Before proceeding into a general review of the theory there are a few points to note. First, when reading what is presented, keep in mind the contemporary American landscape that you are exposed to everyday. In other words, place the theory and its elements within the context of your everyday life to see how, by intuition if nothing else, they seem to actually play out. Second, remember that the U.S. is a big country, with many variables in motion in terms of attempting to explain behaviors related to our particular set of cultural instincts. In this sense the theory should be seen as adding value to other theories that might also be offered, in a sense providing a base for a well-rounded interpretation of deviant-criminal behavior.
Finally, it could be argued that, given today’s barrage of social media, as well as the continual search for all varieties of sensational information, we may be exposed to things in such a way that they appear more prevalent than in previous years. In short we may be led into thinking that there is currently more deviant-criminal behavior happening, when actually there is not. Even if this is so (which seems doubtful) this should not diminish the desire to better understand what we see happening before us – it’s simply what progressive societies do. So, without further adieu, take a read.

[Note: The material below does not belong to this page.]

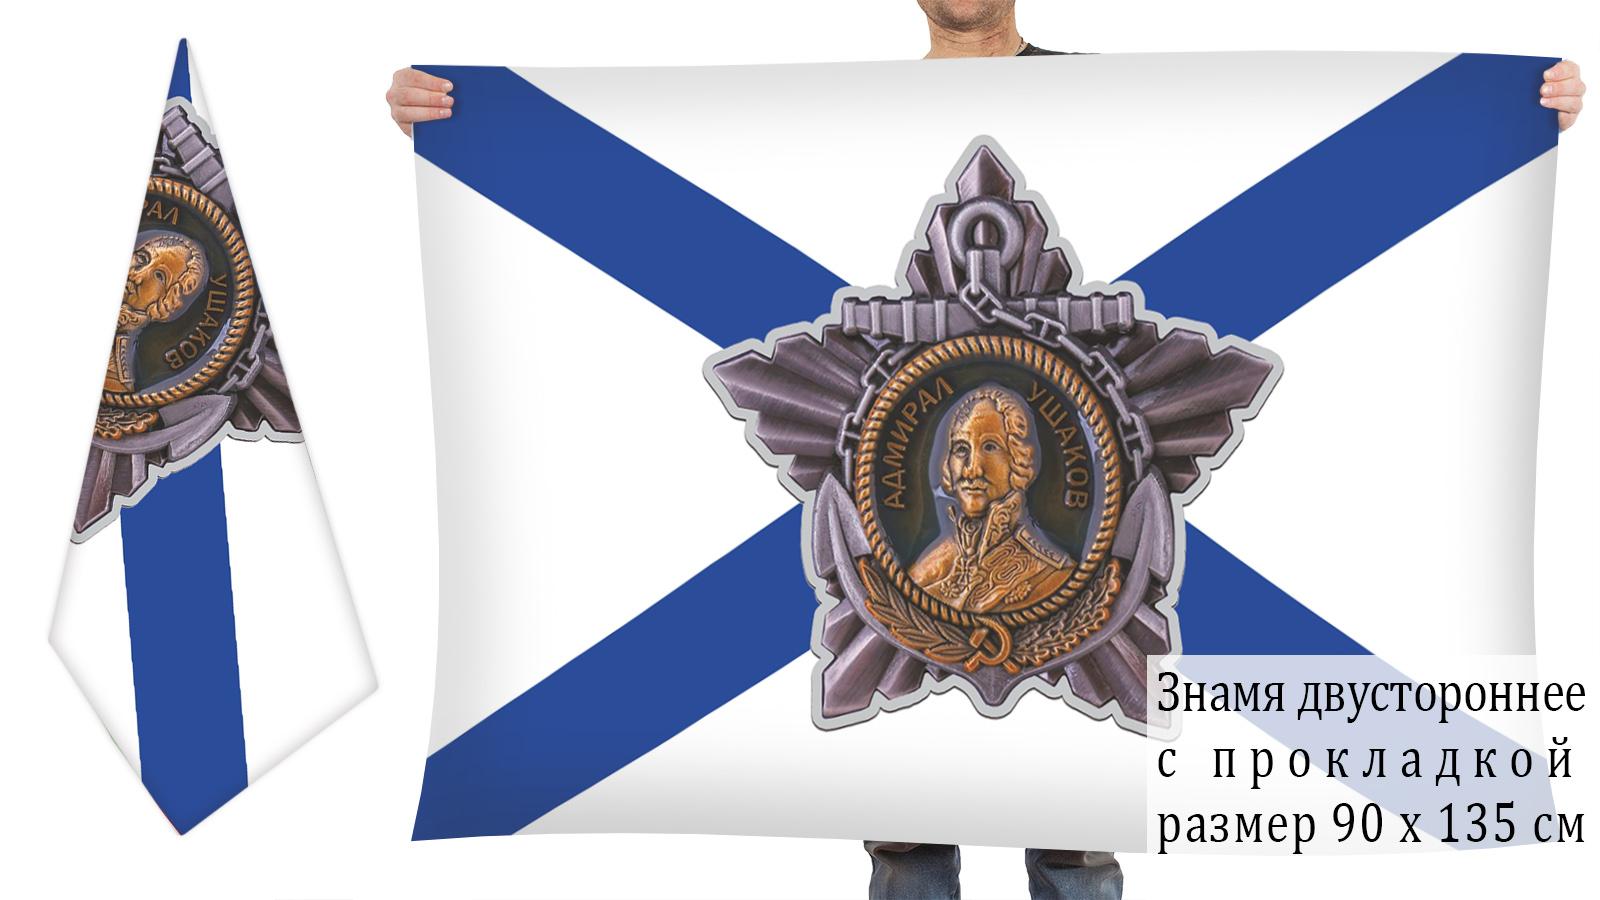 Двусторонний флаг ВМФ с орденом Ушакова

And as always feel free to let us know what you think.
Robert K. Merton’s Strain Theory*
Robert K. Merton was particularly influenced by Emile Durkheim, an early sociologist who at the close of the 19th century was interested in social structures and how functional they might be in relationship to human endeavors. In general,Durkheim focused on the behavior – particularly suicide – that would result when there was a breakdown between personal and societal standards, when a condition of “anomie,” or lack of moral guidance, would happen. This would mean that individuals would experience alienation, lack of hope and a form of purposelessness as they were left in desperation with no clear-cut sense of values. For Durkheim this condition would likely occur in societies that were dysfunctional, in those that became too unruly, or in those where over-regulation would cause too much rigidity. In this context it was important to manage social structures in a way that offered balance in terms of form and function.
A half-century later, borrowing from Durkheim’s anomie theme, Merton produced his Structural Strain Theory, focused primarily on deviant-criminal behavior. In brief, Merton posited that when a society extols certain success goals but limits the avenues to achieve those goals, a strain will occur. It would be this strain that could lead to a number of problematic behaviors that went well beyond Durkheim’s interest in suicide.

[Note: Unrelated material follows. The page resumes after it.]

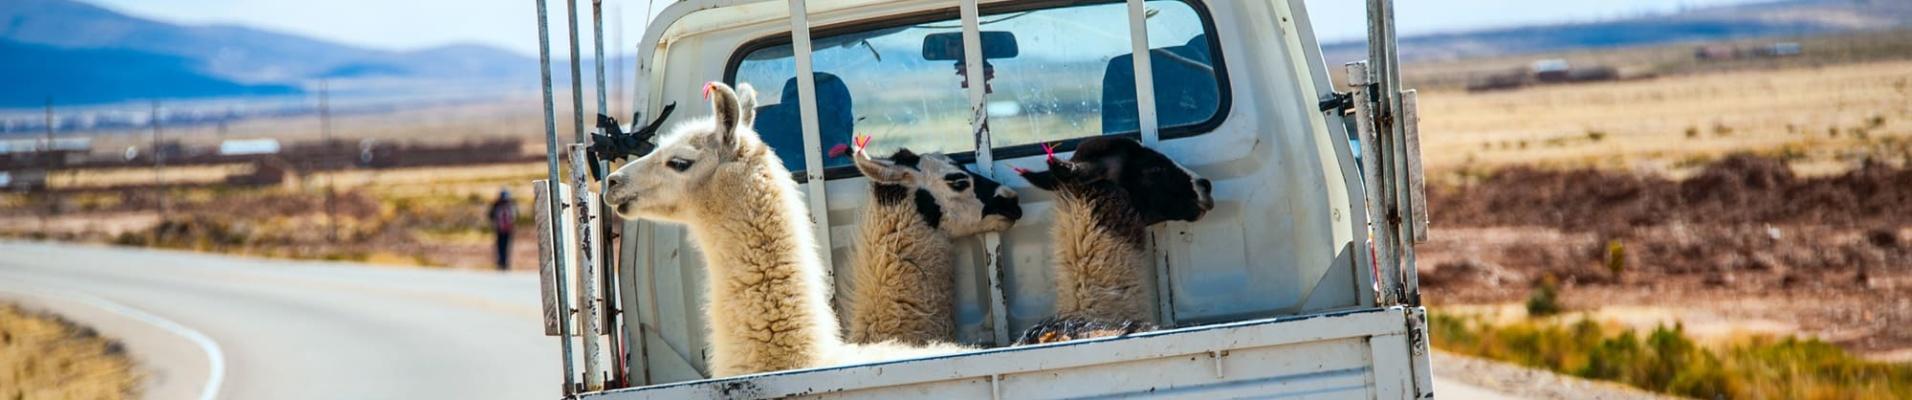 Lamas en voiture

In light of this theory it appeared that in the U.S. the goals were directly correlated with economic and material gain, while the limited means to achieve these goals lay primarily in the social structure. For Merton the greatest strain would occur in the lower class where the goals might be clear but the discordant lack of related societal opportunities seemed most strident, a situation resulting in more deviant-criminal behavior coming from that class. This point seemed consistent with the facts and figures being produced in the country at that time, which resulted in acclaim for his theoretical propositions.

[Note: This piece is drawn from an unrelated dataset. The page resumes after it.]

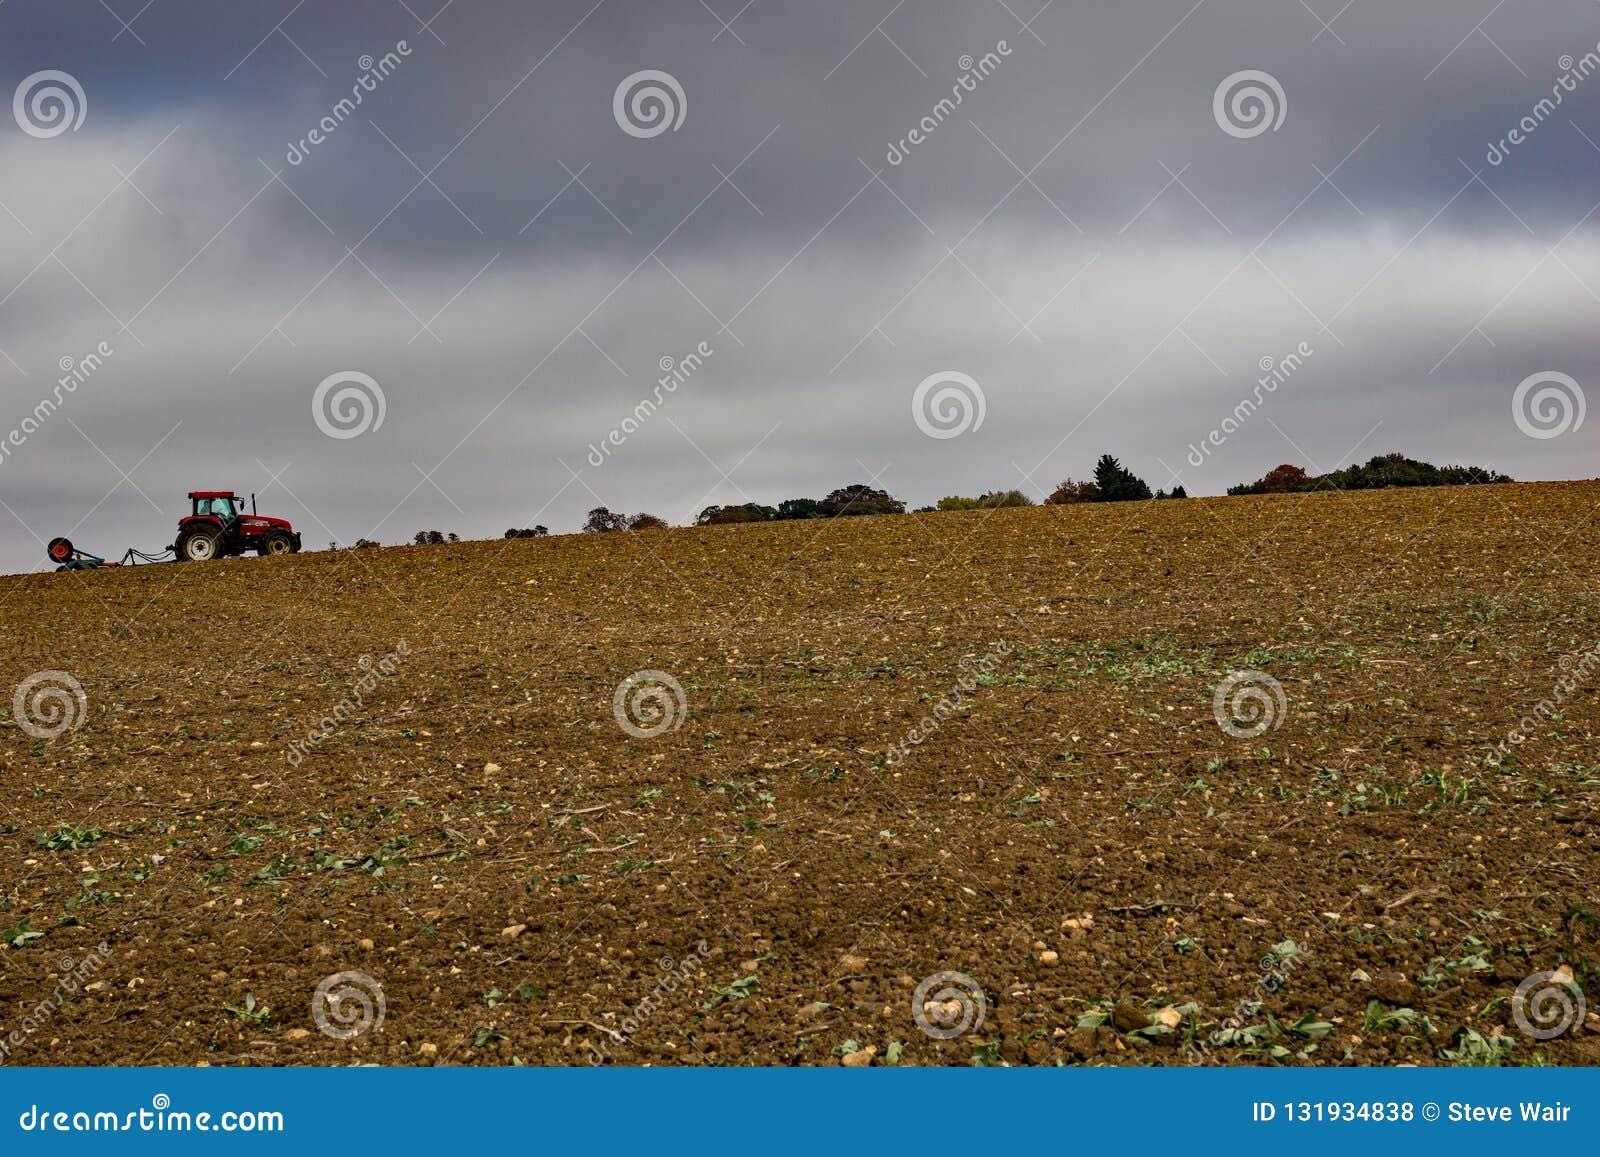 Un agricoltore lavora un campo su una collina in Sheering più basso Essex L autunno tardo e la pioggia è preveduto

In Merton’s scheme there are five general categories that follow from the strain that can occur when the goals and means to achieve them are perceived to be out of sync. They each rely on a variation in terms of an acceptance of the goals-means measure, and are categorized as follows:
Conformists: Those who accept both the established goals and the means available. These are people who follow the rules accordingly, and deviant-criminal behavior is less likely in this regard. Examples here include the hard-working individual who wants to succeed in traditional ways – he/she may complain a bit but they are not usually deviant- or criminal-oriented.
Ritualists: Those who do not necessarily believe in the goals, but accept the means available to obtain more personal success. The example is the person who may not be interested in wealth or material gain, but who will accept the legitimate means to reach his/her own form of success. An example may be a person who drops out of political life or relies on religious principles while working with the means that the system offers. This person may be generally anti-social but not deviant-criminal.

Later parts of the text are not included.